Plus de 16 000 personnes ont été retenues dans des CRA en 2024, selon l’association la Cimade. La majorité sont originaires du Maghreb. Ce nombre grimpe à 40 000 si l’on inclut les étrangers enfermés en CRA à Mayotte (22 300 en 2024) et dans les Outre-mer (Guadeloupe, Réunion, Guyane…).
Les conditions de vie dans ces structures sont régulièrement pointées du doigt par les défenseurs des droits. Certains retenus en bonne santé au moment de leur arrivée dans le centre de rétention voient leur santé se dégrader au fil des jours.

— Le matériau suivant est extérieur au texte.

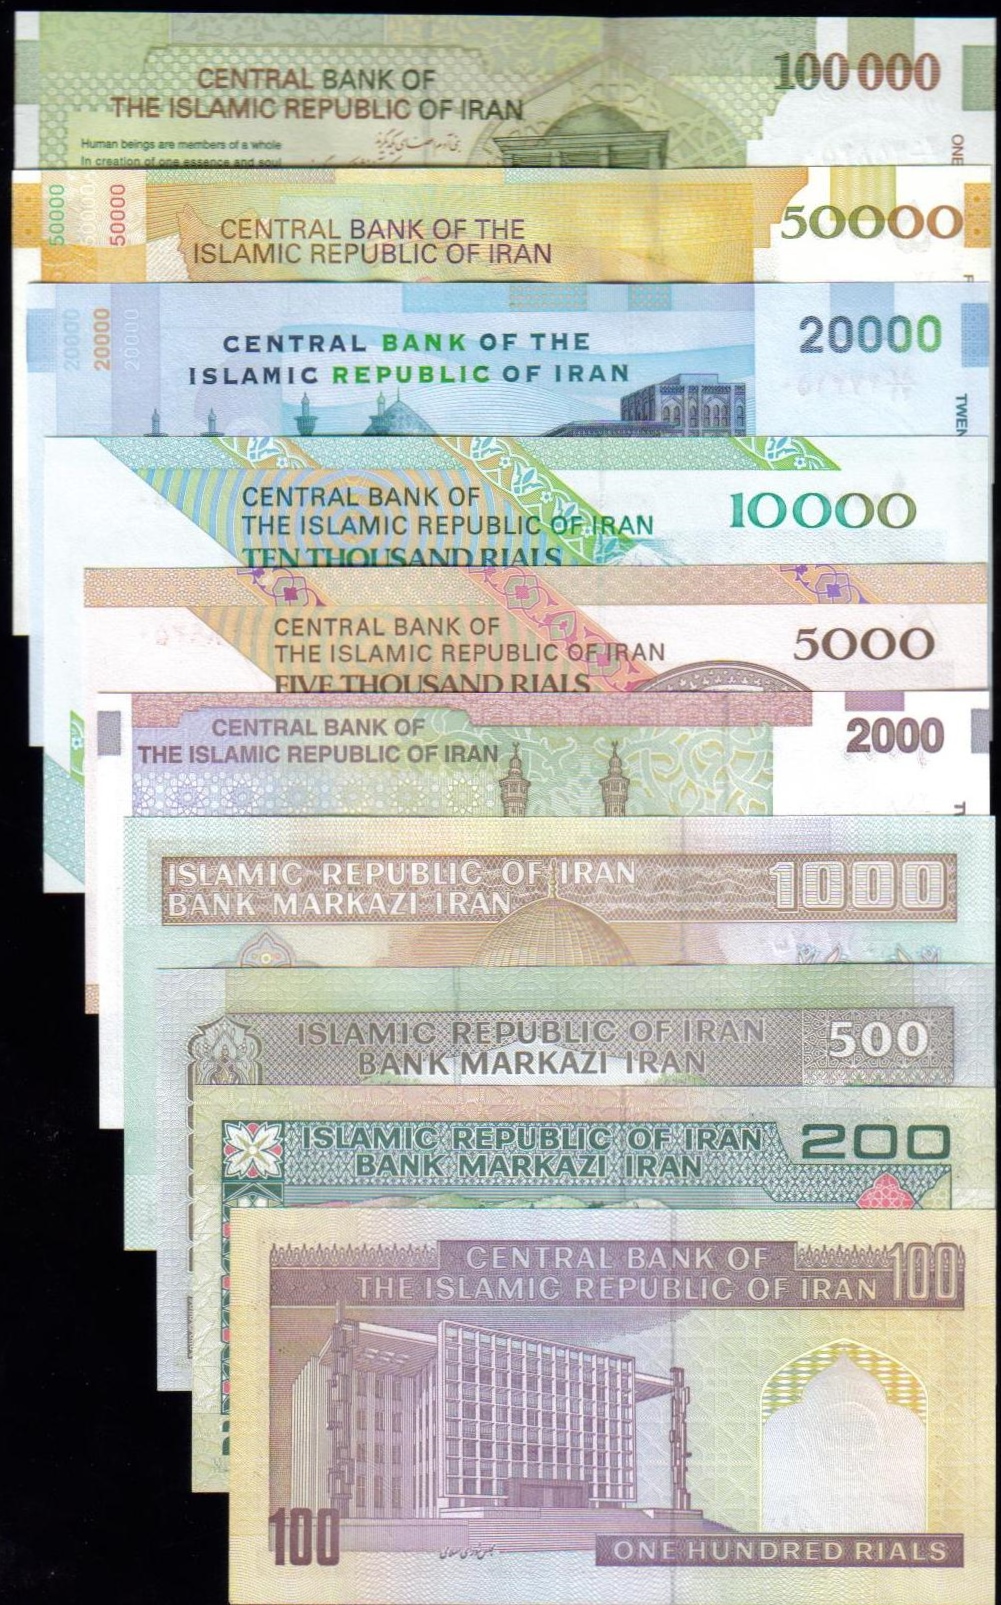 <font 130><font color=red><b>Set of 10 Banknotes </font></b><p>This is a complete set of current banknotes of Iran from 100 Rial to 100,000 Rial.  This is a nice way of having a sample of each denominations.  Most low values are no longer printed, and fetch $1 to $5.00 each. <p><a href="/shop/catalog/images/Iran-Set-of-10.jpg"><font color=blue>(Click to see the fronts)Â </font></a>Â  <a href="/shop/catalog/images/Iran-Set-of-10-Back.jpg"><font color=blue>(Click to see the backs)</font></a>
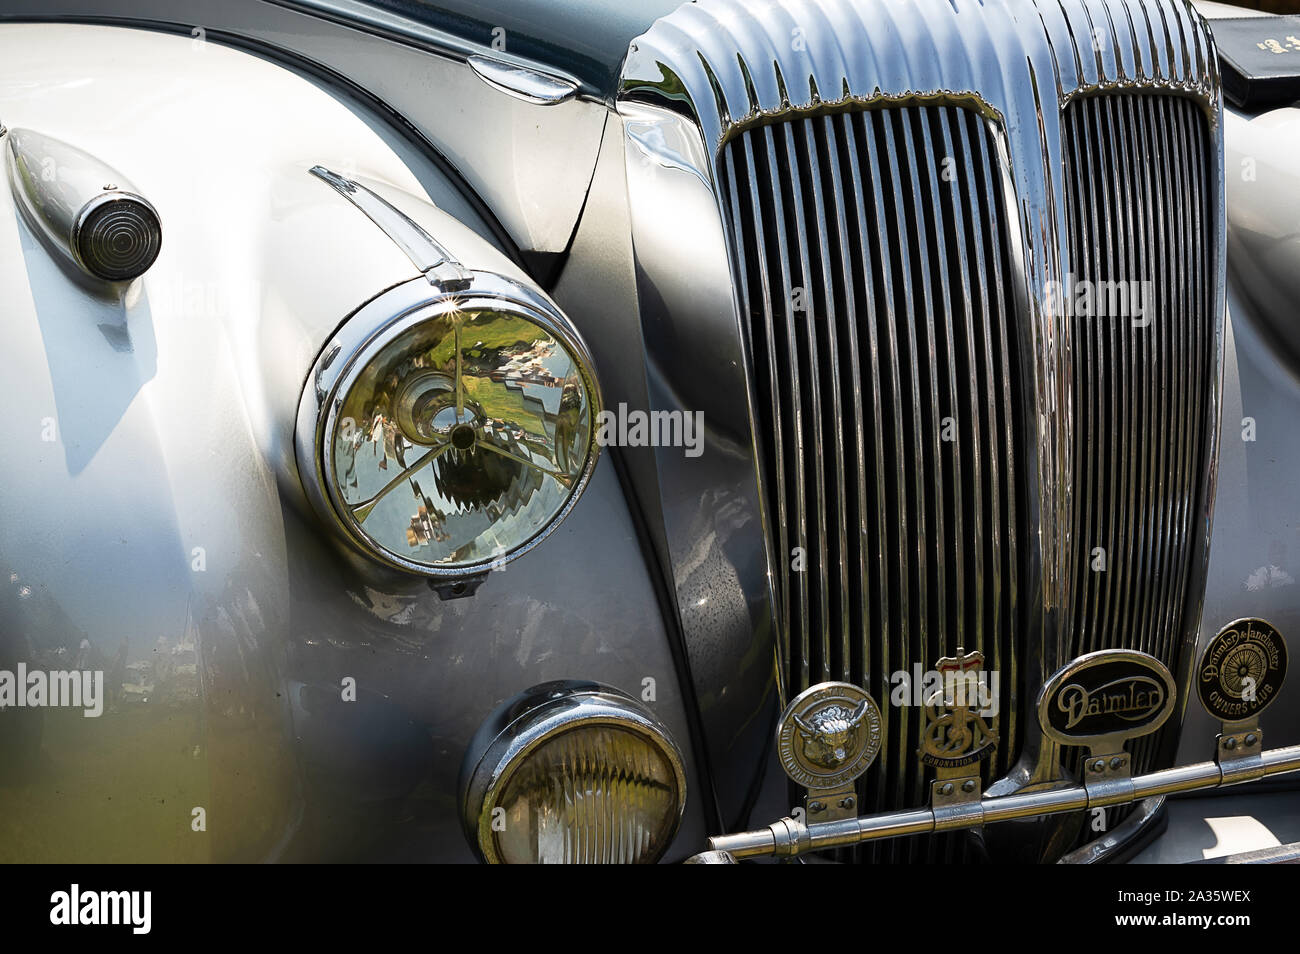 The front of a 1952 Daimler DB18 Consort on display at a car show Stock Photo

Le CRA de Oissel par exemple, construit en 2004, est tristement connu pour son manque d’entretien. « L’endroit est vétuste et les retenus sont cinq par chambre. Le centre n’est pas une prison mais il en a toutes les composantes, les exilés évoluent dans un univers très carcéral », décrivait Guillaume Landry, directeur de l’appui juridique chez France terre d’asile, en décembre 2024. « Ce n’est pas anodin d’être enfermé dans un endroit clos pendant des semaines, voire des mois, où il n’y a rien à faire ».
Comme le rappelle La Cimade, la majorité des étrangers en centre de rétention ne sont pas des délinquants – 28 % sont emmenés en CRA à leur sortie de prison. Les autres n’ont commis aucun crime sur le sol français. Ils sont sans-papiers.